Yesterday, I stood in line at the bank, quietly and patiently while at least one person cut in line, and several others started yelling at the tellers. When my turn arrived, the teller literally hugged me and thanked me for being so kind and patient, and that he wished he could do something for me, on account of my exceptional behaviour. Other than the embarrassment factor, I was relieved and proud to know that my New England upbringing continues to serve me well.
Flush from the victory of American civility, I revealed my other side, my Israeli side, today. Sitting in the sauna after my swim, I gave a group of 13 year old boys a lecture about how the sauna is not a clubhouse, that the sign clearly says that you must be over 16 to participate in the sweat lodge, and that their parents would be ashamed of them. I did this no less than three times until they actually left and closed the door behind them, and marveled at how I have truly passed into the ritual of being a stodgy grown-up.

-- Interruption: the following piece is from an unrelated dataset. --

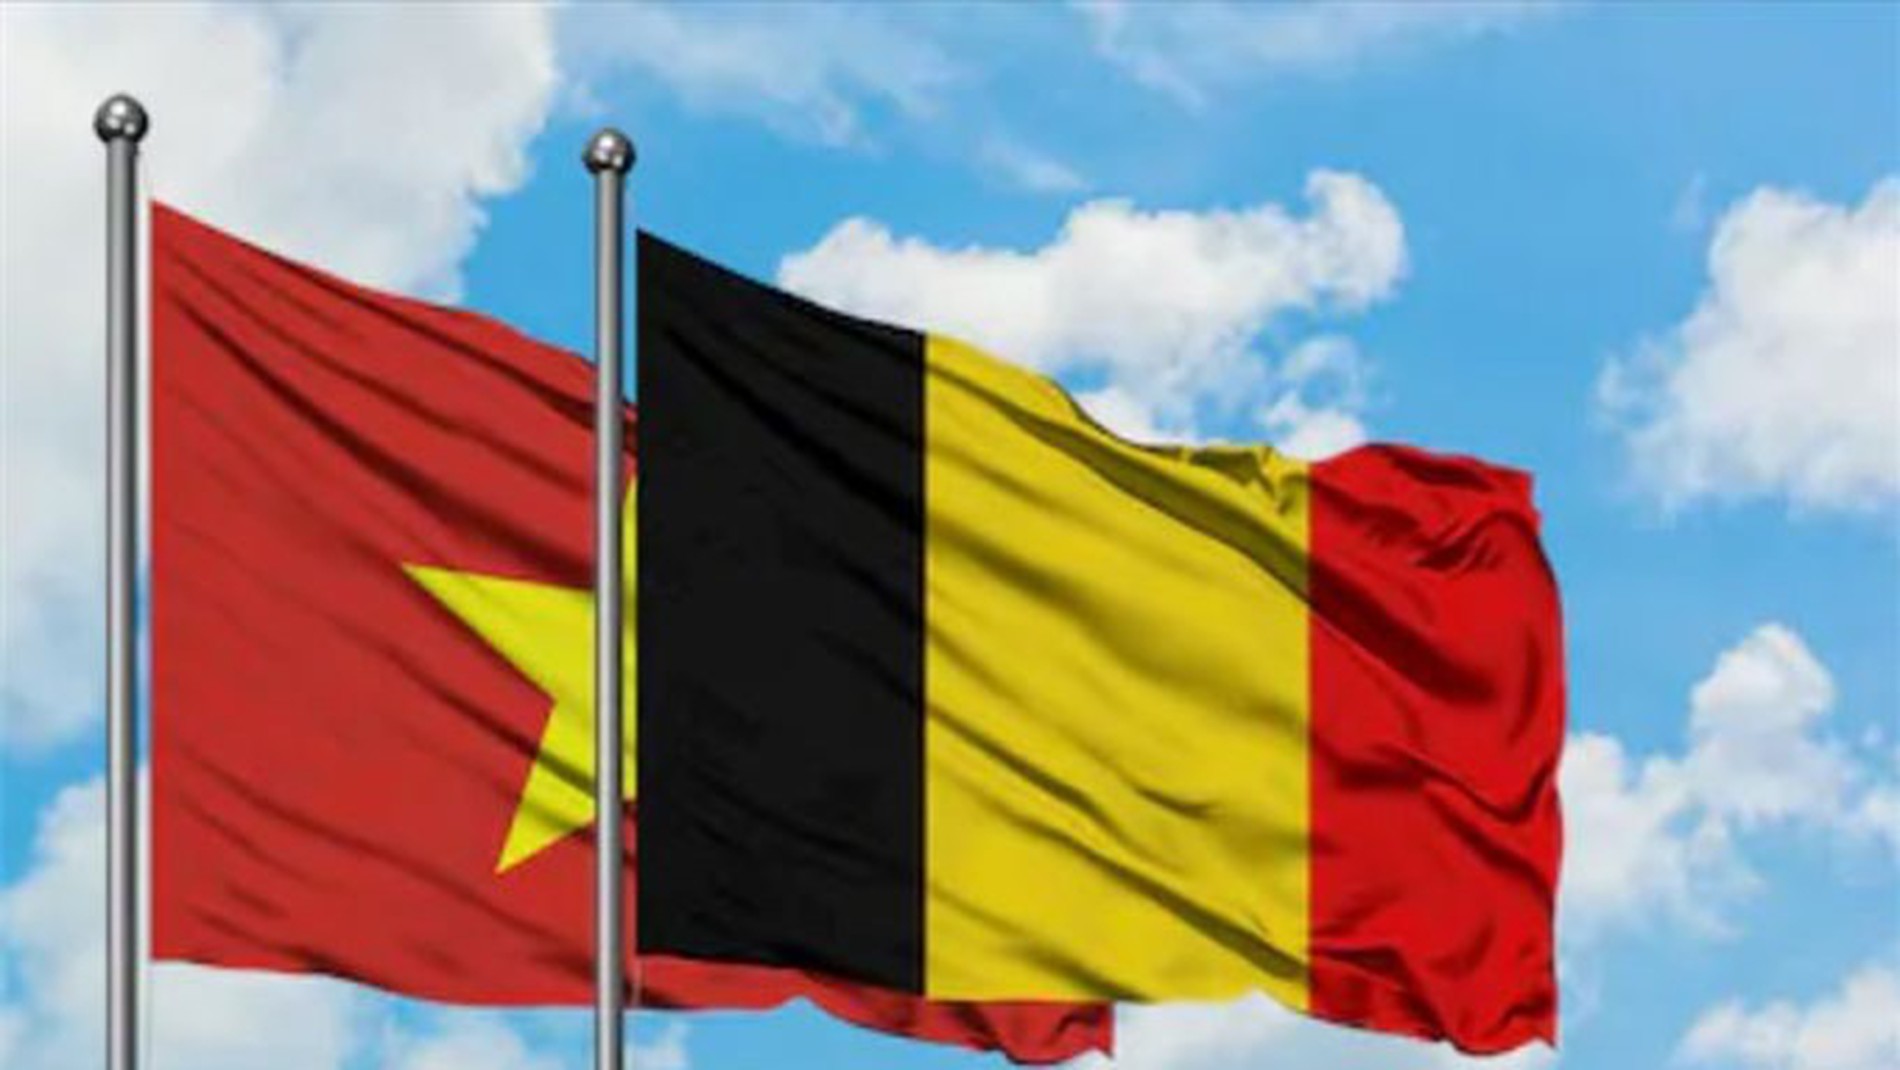 Mối quan hệ song phương Việt Nam - Bỉ đang phát triển mạnh mẽ và tiềm năng. Hai nước đã có nhiều chuyến thăm chính thức và ký kết nhiều thỏa thuận hợp tác. Đây là cơ hội để mở rộng hợp tác và tăng cường quan hệ giữa các doanh nghiệp hai nước. Hãy xem bức ảnh liên quan để tìm hiểu thêm về những thành tựu trong mối quan hệ này.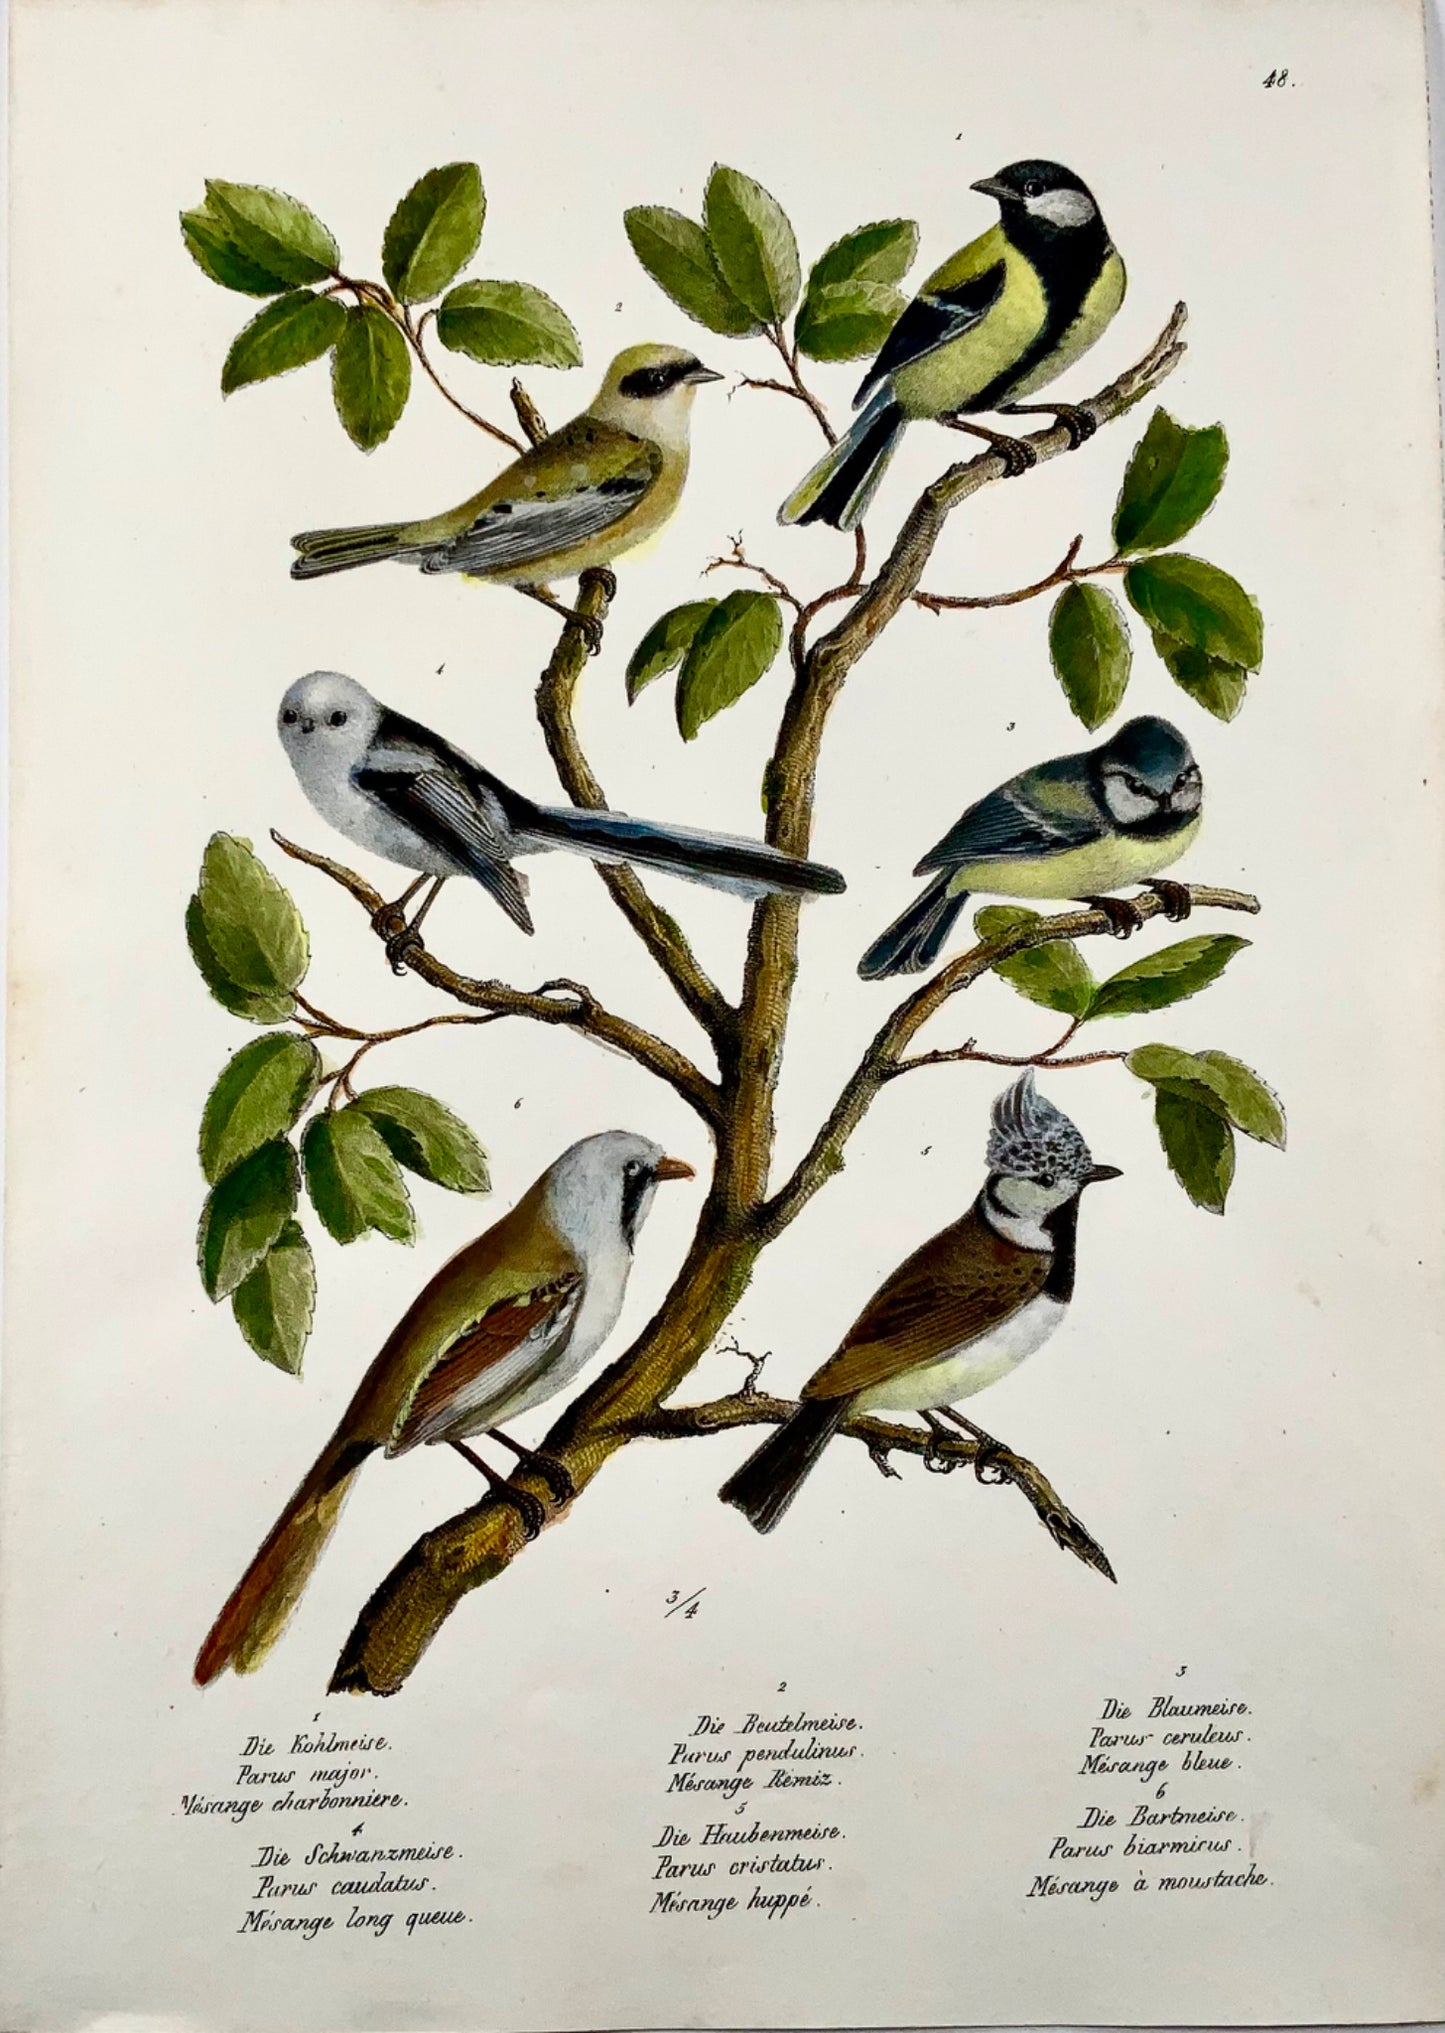 1830 Paridae, mésanges, oiseaux, ornithologie Brodtmann lithographie folio colorée à la main

My diatribe was not motivated solely by my concern for these boys' blood pressure, nor would I deny that I need to relax in the sauna, and I had personal gain reasons for kicking them out. In Israel, it is an accepted social norm to listen in on other people's conversations and chime in uninvited; to give strangers "constructive criticism" about their mode of dress and any other topic in which we are all, obviously, expert.
I never imagined that I would cross that line, and start disciplining other people's children, though it reveals that in the ten years I have lived here, I not only dream in Hebrew, but also think like an Israeli much more than the American, my place of birth. I fully expect to go to a supermarket and bag my own groceries, and to have my bag checked when I enter any building; and I fully expect that I will be that older woman on the bus who tells the young mother with the crying child that she has gotten it wrong, her child is hungry and not tired, and she ought to do something about it right now.